Beck advises to draw a distinction between the types of loss that can be measured, and measured in a way that is manageable for the business, and those types of losses that cannot be manageably measured.
Businesses should determine whether types of loss meet Beck’s “3 M’s test” (is it Manageable, Measurable and Meaningful?).
Beck’s Total Retail Loss Model begins by identifying the two types of losses incurred by retailers- the known and the unknown. Beck then classifies Known Losses as either malicious or non malicious.
Malicious known losses are those that are carried out with the intention of depriving an organisation of goods, services, cash, and ultimately profit. Non malicious known losses occur within and between organisations that cause loss unintentionally. It is important to know if a loss was intentional or unintentional in order to address such losses and ultimately find a solution.
Store: Losses that occur in the physical buildings owned or rented by a retailer where customers purchase goods. Also, E-commerce activities may be take place here for instance shipping of inventory, customer pickups and product returns.
Retail Supply Chain: Losses that occur across the entire supply chain process (manufacture, transportation and storage)
E-Commerce: Losses related to the provision of goods and services provided through the retailer’s e-commerce, internet based store.
Corporate: Losses which are related to the broader activities of the business.
The Typology is designed to enable the ‘value’ of retail losses to be calculated and not necessarily the number of events / the Typology is recording the value of retail losses and not their prevalence. Click here to view the Typology.
Beck’s Total Retail Loss report concludes with recommendations for loss prevention professionals.
After identifying all forms of loss, Beck advises the business to review how their resources are currently being allocated and whether they might allocate their resources differently.
The overall goal, according to Beck, is for your business to achieve a level of loss that optimises the profitability of your business. Loss prevention professionals could seize the opportunity to take on new challenges that more effectively use their established skill set.

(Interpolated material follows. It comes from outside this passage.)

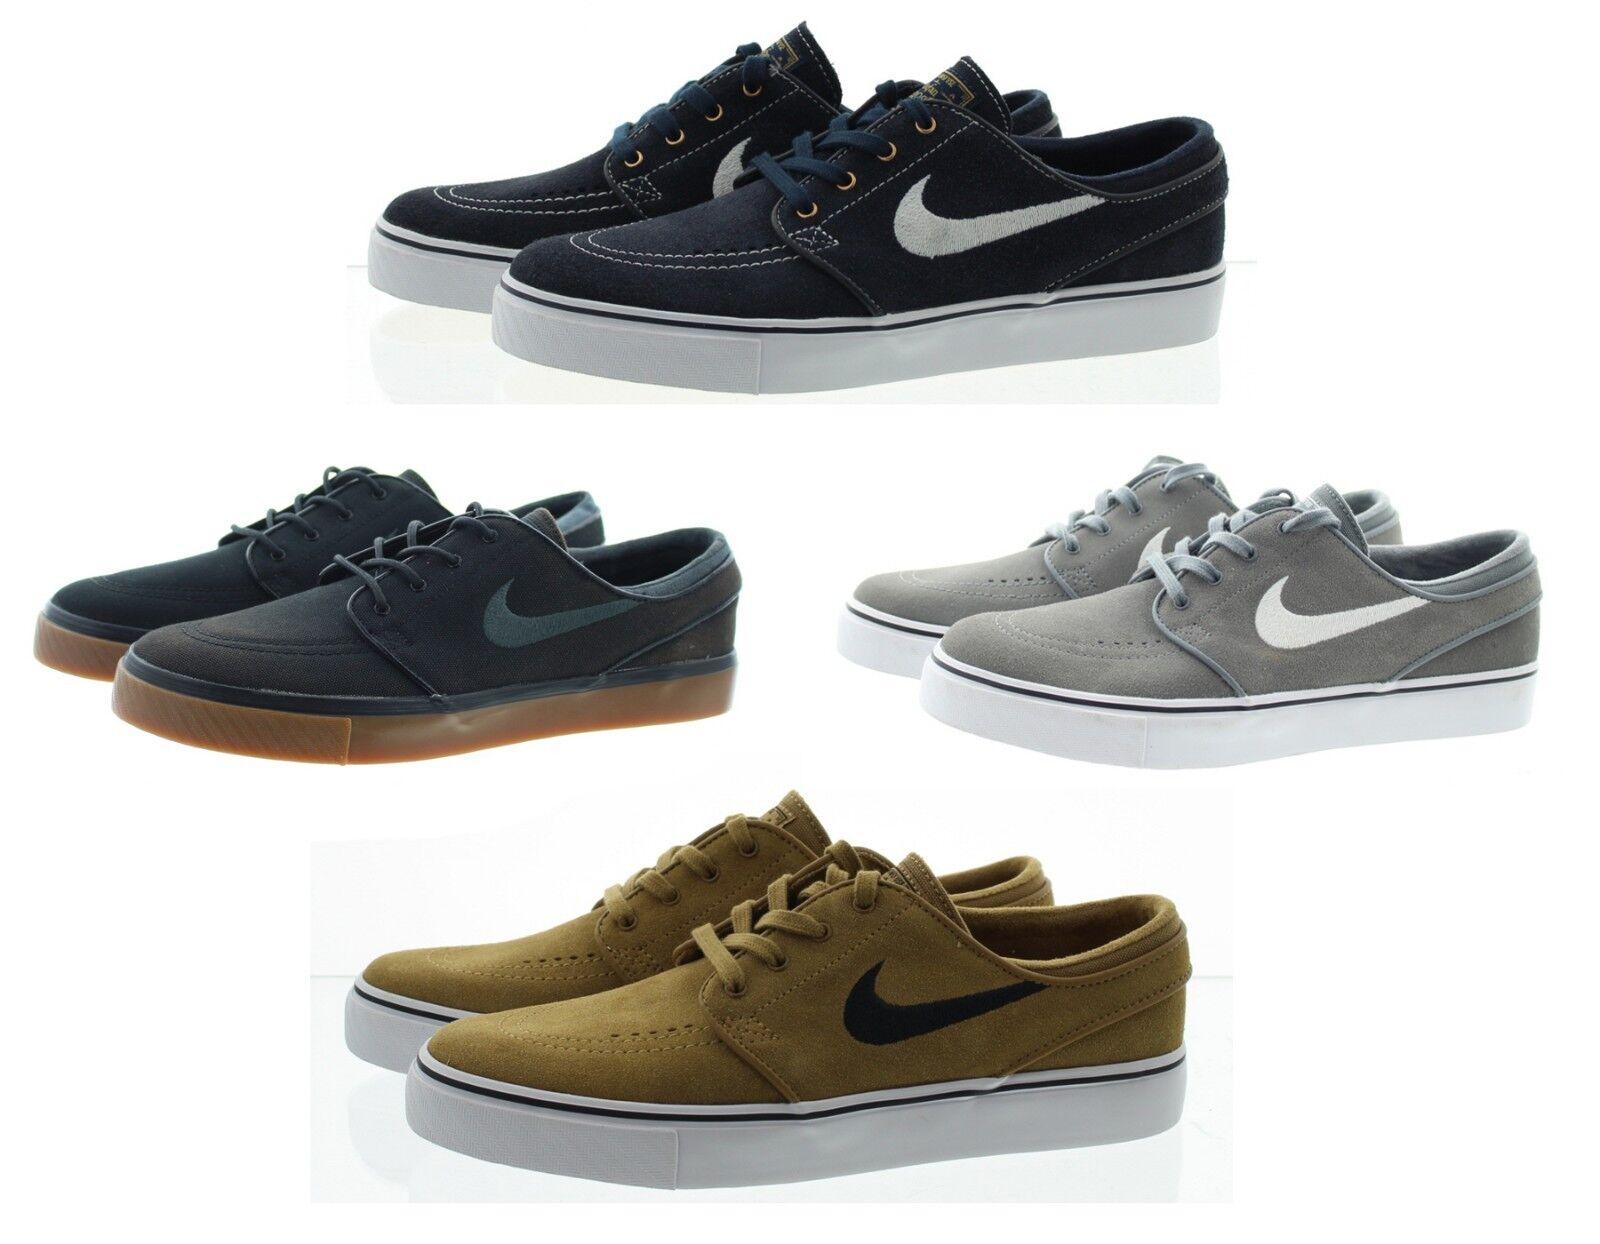 uk availability f53db 239b4 Faible 333824 À Nike Janoski Chaussures Zoom Haut Stefan Pq4wSH

Beck sees the future of loss prevention teams as “drivers of a Total Retail Loss Group.” This would involve mobilising data on losses across the business, using problem solving skills to aid the business in selling more by more effectively managing losses, and coaching and mentoring other retail functions on effective Total Retail Loss tactics. It is in this way that Beck predicts loss prevention professionals can remain a crucial, responsive, and highly valued function in today’s dynamic retail environment.
By taking a ‘big’ picture view of loss across the entire retail environment, Adrian Beck’s Total Retail Loss model offers a useful tool for loss prevention teams to better understand how loss impacts profitability and how resources might be more effectively allocated.